House Subcommittee Approves Information Sharing Bill

The bill will make it simpler for the federal government to share information with state and local governments.

WASHINGTON, D.C. (AP) -- State and local governments would get faster and more accurate terrorism information from the federal government under a bill moving through the House Judiciary Committee Tuesday.

The bill, H.R. 4598, is known as the Homeland Security Information Sharing Act and was moved by a House Judiciary subcommittee. The full committee could take up the bill as early as this week.

"Information sharing is the key to cooperation and coordination in homeland security," said Rep. Saxby Chambliss, R-Ga., chairman of the House subcommittee on terrorism and homeland security. "With the recent press reports about what information the government had prior to Sept. 11, it has become abundantly more clear that better information sharing among government agencies and with state and local officials needs to be a higher priority."

The legislation directs the use of existing technology -- already used to share information with NATO allies and Interpol -- that converts intelligence into a format that can easily shared, said Rep. Jane Harman, D-Calif. The information then can be shared through existing networks such as the National Law Enforcement Telecommunications System or Regional Information Sharing Systems.

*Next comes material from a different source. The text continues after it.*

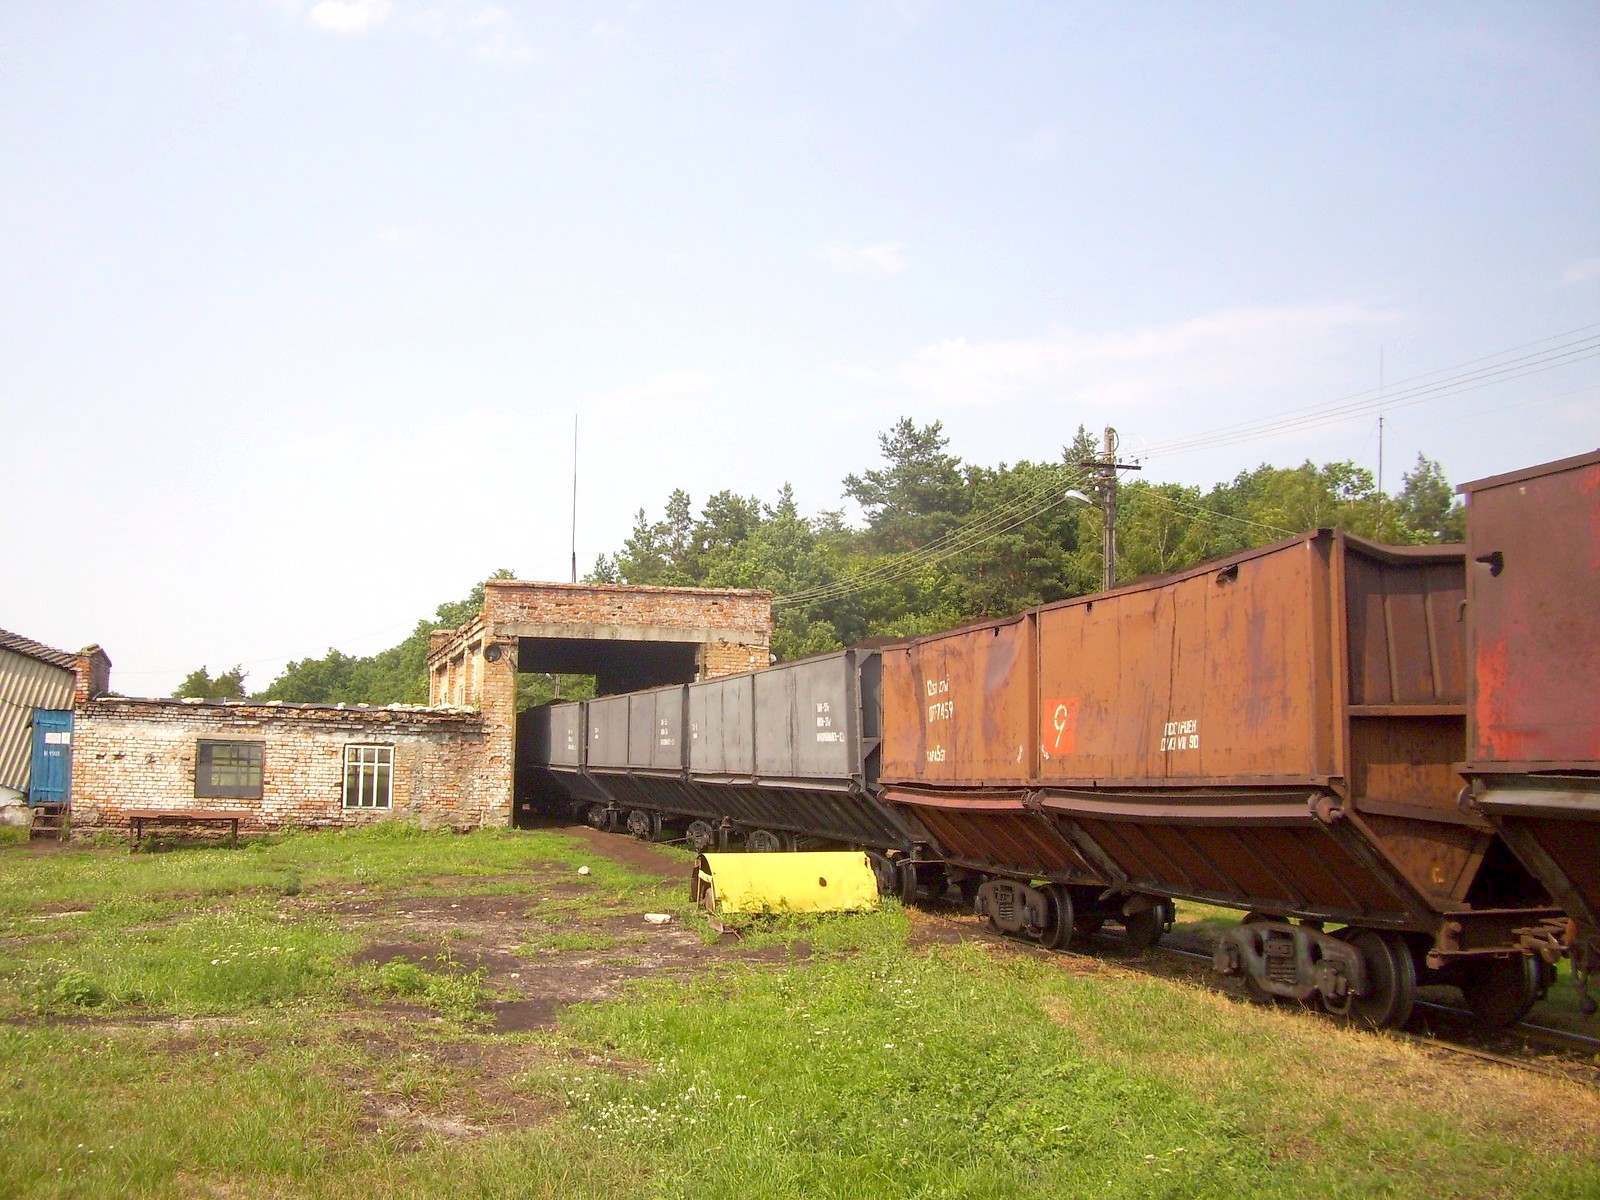 Узкоколейная железная дорога Смыжского торфобрикетного завода — фотографии, сделанные в 2011 году (часть 2)

The bill also authorizes an increase in the number of security-clearance investigations for state and local personnel. It would also add specific information to Homeland Security Director Tom Ridge's color-coded threat warning system, telling local personnel what they should be looking for and how they should adjust their activities, Harman said.

State and local police are usually the first people to cross potential terrorists' paths, she said.

"The professionals in the CIA, NSA and -- more than ever -- the FBI do an excellent job in gathering information from across the globe," Harman said. "But this multimillion-dollar capability is worth precisely nothing if that information doesn't get to the eyes and ears of those on the front lines fighting terrorism."

Ridge's office is behind the legislation, Chambliss said. Homeland Security spokesman Gordon Johndroe refused to talk about the legislation.

"The Office of Homeland Security is working to coordinate all of the federal agencies that provide information to the state and local governments regarding potential terrorism," Johndroe said. "We are working to improve and streamline that process."